Myth #9: “Software Patents Are Obsolete by the Time They Are Granted”
The Truth
While the pace of software development is fast, many foundational technologies have long-term value. Patents for core innovations remain relevant and enforceable well beyond their filing dates.
How to Overcome It
Focus on patenting key innovations that are likely to remain essential in the industry. Use expedited examination processes to align patent protection with the peak value of the invention.
Example
After receiving a patent in 1983, the RSA encryption algorithm maintained its value for decades and established itself as a standard in digital security. This example shows that certain software innovations have lasting impact.
Myth #10: “We can handle patent applications ourselves without an attorney.”
The Truth
Drafting software patents requires specialized knowledge of both technology and patent law. Mistakes in the application process can lead to narrow claims or outright rejections, reducing the value of the patent.
How to Overcome It
Work with experienced patent attorneys who understand software innovations. They can help draft comprehensive applications, anticipate examiner objections, and increase the chances of approval.
Example
Startups like Zoom Video Communications initially struggled with self-drafted patent applications but saw greater success after partnering with experienced IP law firms. This strategic shift allowed them to secure broad protection for their videoconferencing software.
Conclusion
In 2025, understanding and overcoming myths about software patents is crucial for innovators seeking to protect their intellectual property. By dispelling these misconceptions and employing strategic patenting practices, businesses can secure valuable legal protection and gain a competitive edge. It’s time to leave the myths behind and embrace the truth about software patents.
If you’re looking to protect your software innovations and need expert legal guidance, Stevens Law Group is here to be your trusted partner. Our experienced attorneys specialize in navigating the complexities of software patents, helping you secure the IP protection your ideas deserve.
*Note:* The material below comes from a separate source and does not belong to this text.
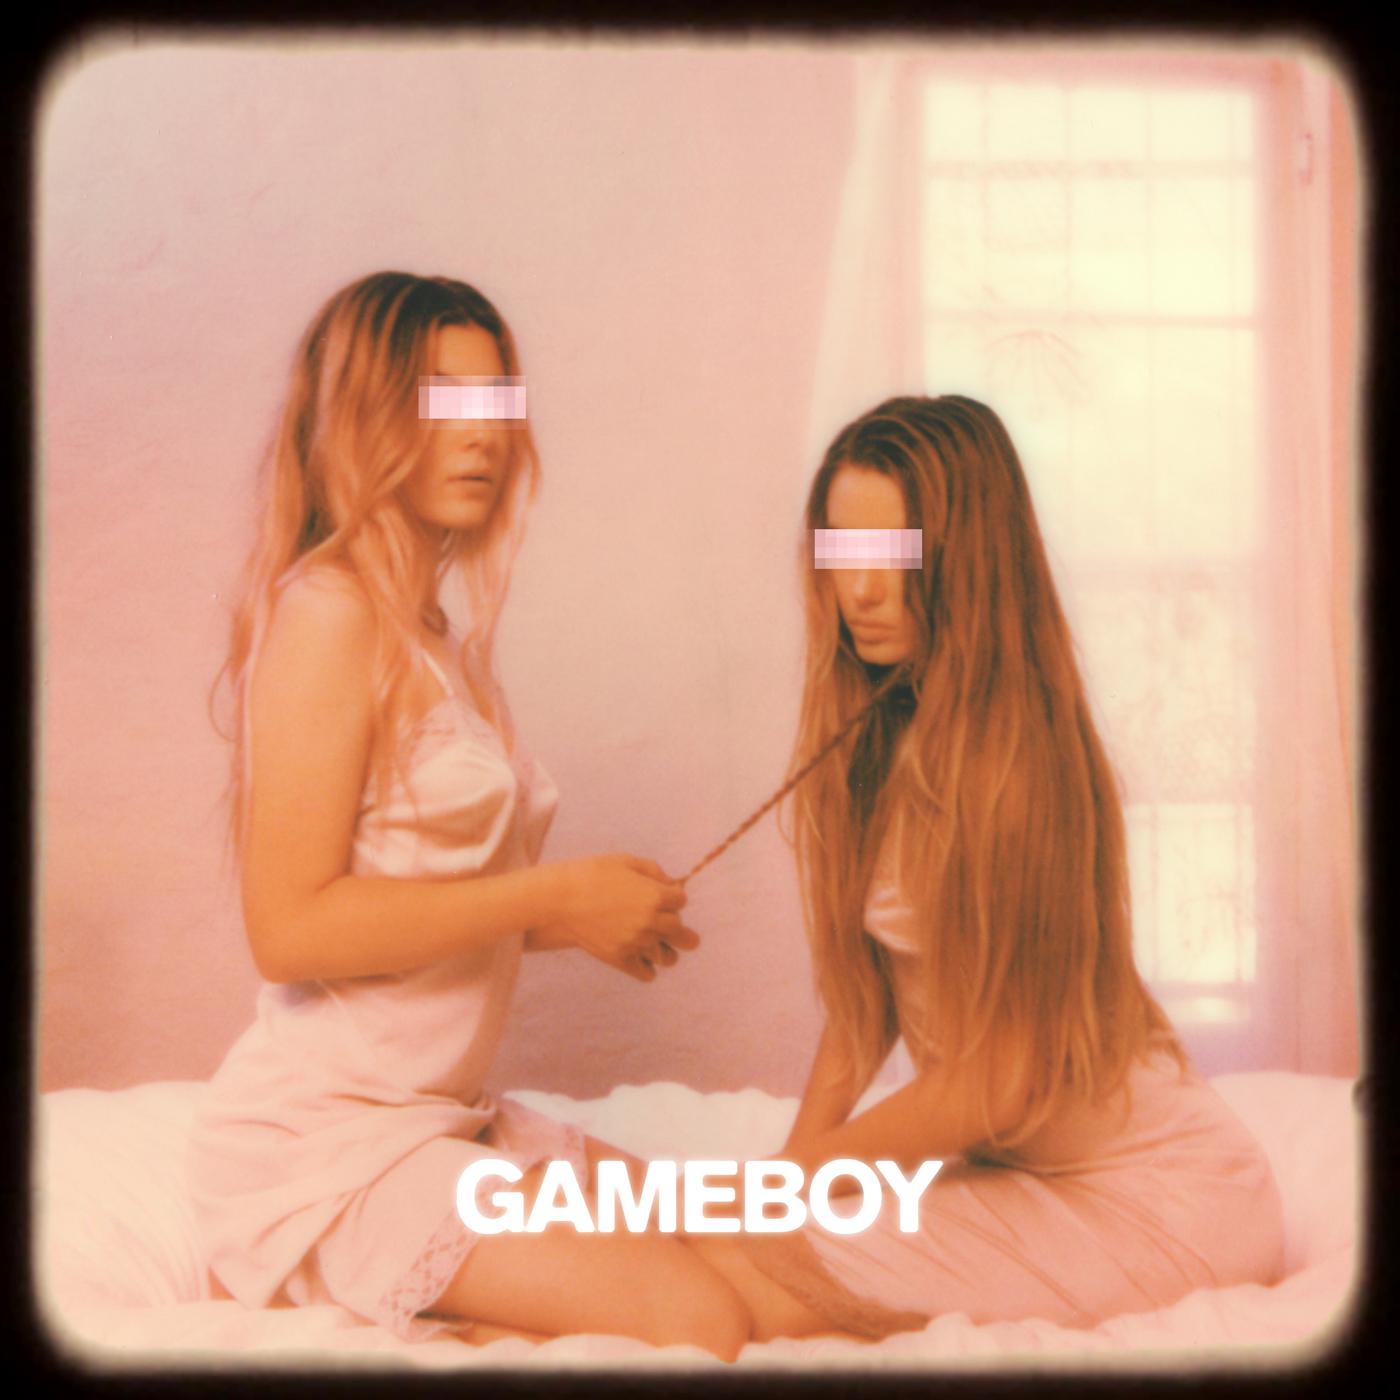 gameboy歌词 歌手Bahari-专辑gameboy-单曲《gameboy》LRC歌词下载

Why Choose Stevens Law Group?
- Deep expertise in software and technology patents.
- Proven strategies to overcome common pitfalls and patent rejections.
- Personalized support throughout the entire patent application process.
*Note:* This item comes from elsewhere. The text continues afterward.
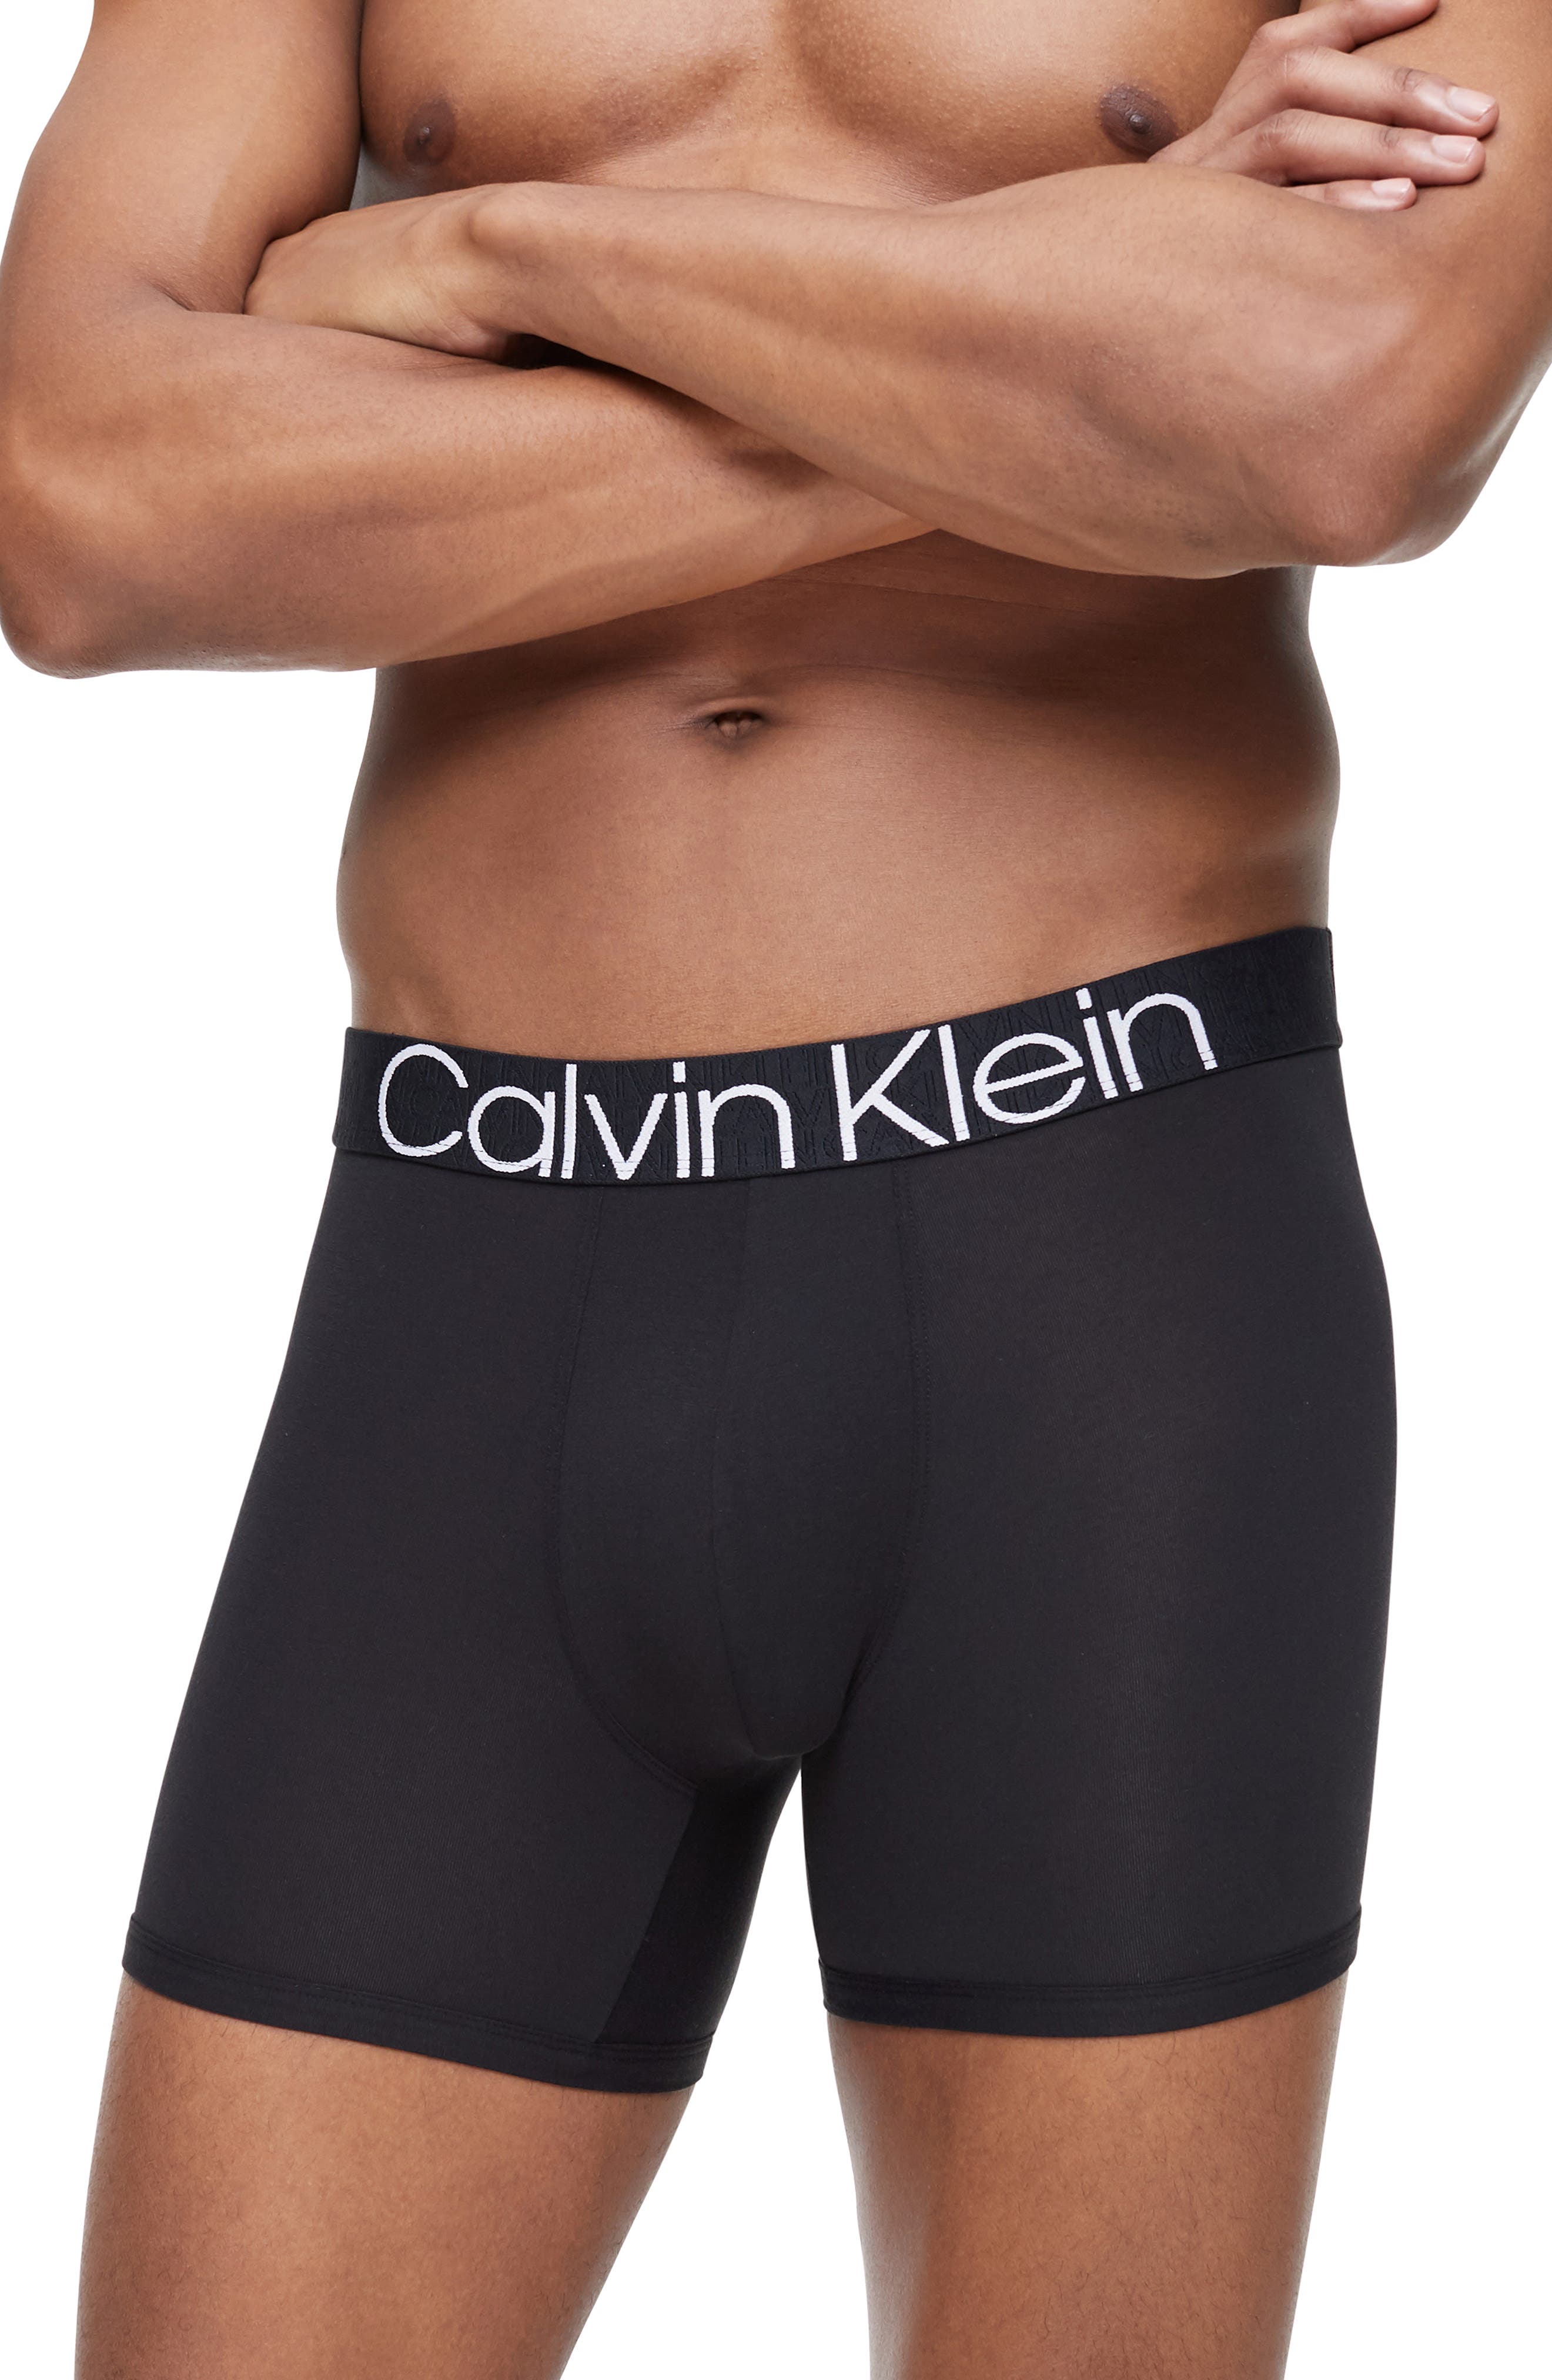 UPC 790812539347 product image for Men's Calvin Klein Eco Cotton Blend Boxer Briefs, Size Large - Black | upcitemdb.com

Don’t Leave Your Software Unprotected! Get in touch with Stevens Law Group today for a consultation and let us guide you through every step of the patenting process.
You can also watch this video on intellectual property management tailored specifically for in-house counsel. This guide offers essential strategies and insights for managing and protecting your company’s intellectual property and innovations.
FAQs
- What’s the difference between a software patent and a copyright?
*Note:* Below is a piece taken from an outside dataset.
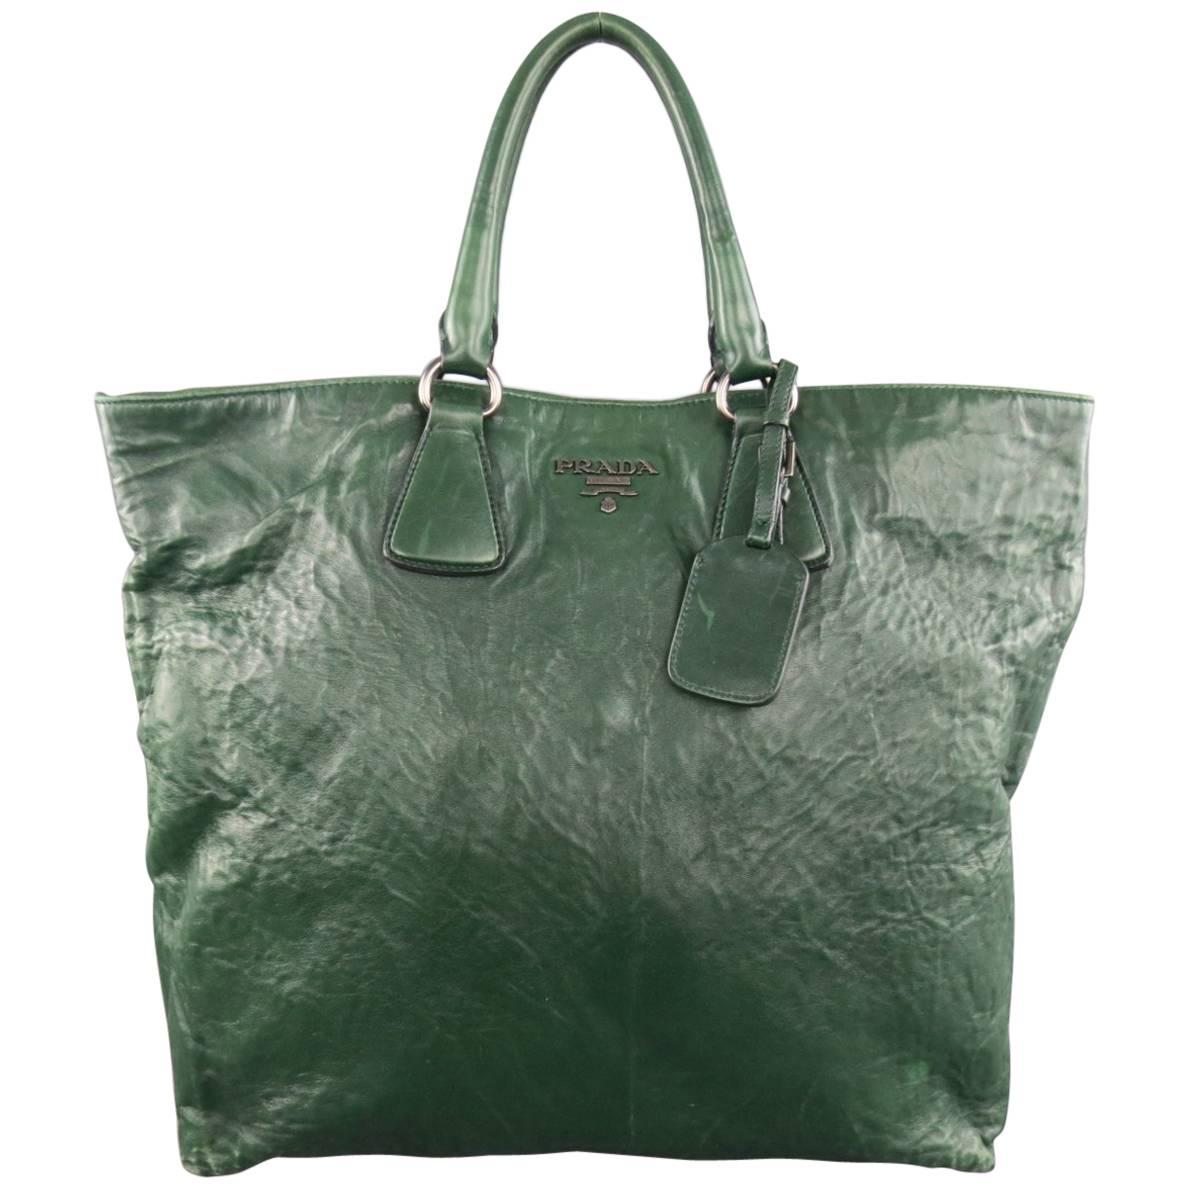 PRADA Green Textured Leather Tote Handbag

- Copyright protects the code, while a patent covers the methods and processes the software performs.
- How long does it usually take to get a software patent approved?
- Standard timelines range from 2–3 years, but expedited processes can reduce them to less than a year.
- Are software patents enforceable internationally?
- Yes, but enforcement depends on the jurisdiction and the scope of the patent rights granted.
- Is it expensive to file for a software patent?
- Costs vary, but many options exist for small businesses, including phased payments and expedited examination.
- Can AI-generated software be patented?
- Yes, but the application must clearly outline the human contribution and the specific technical problem the software addresses.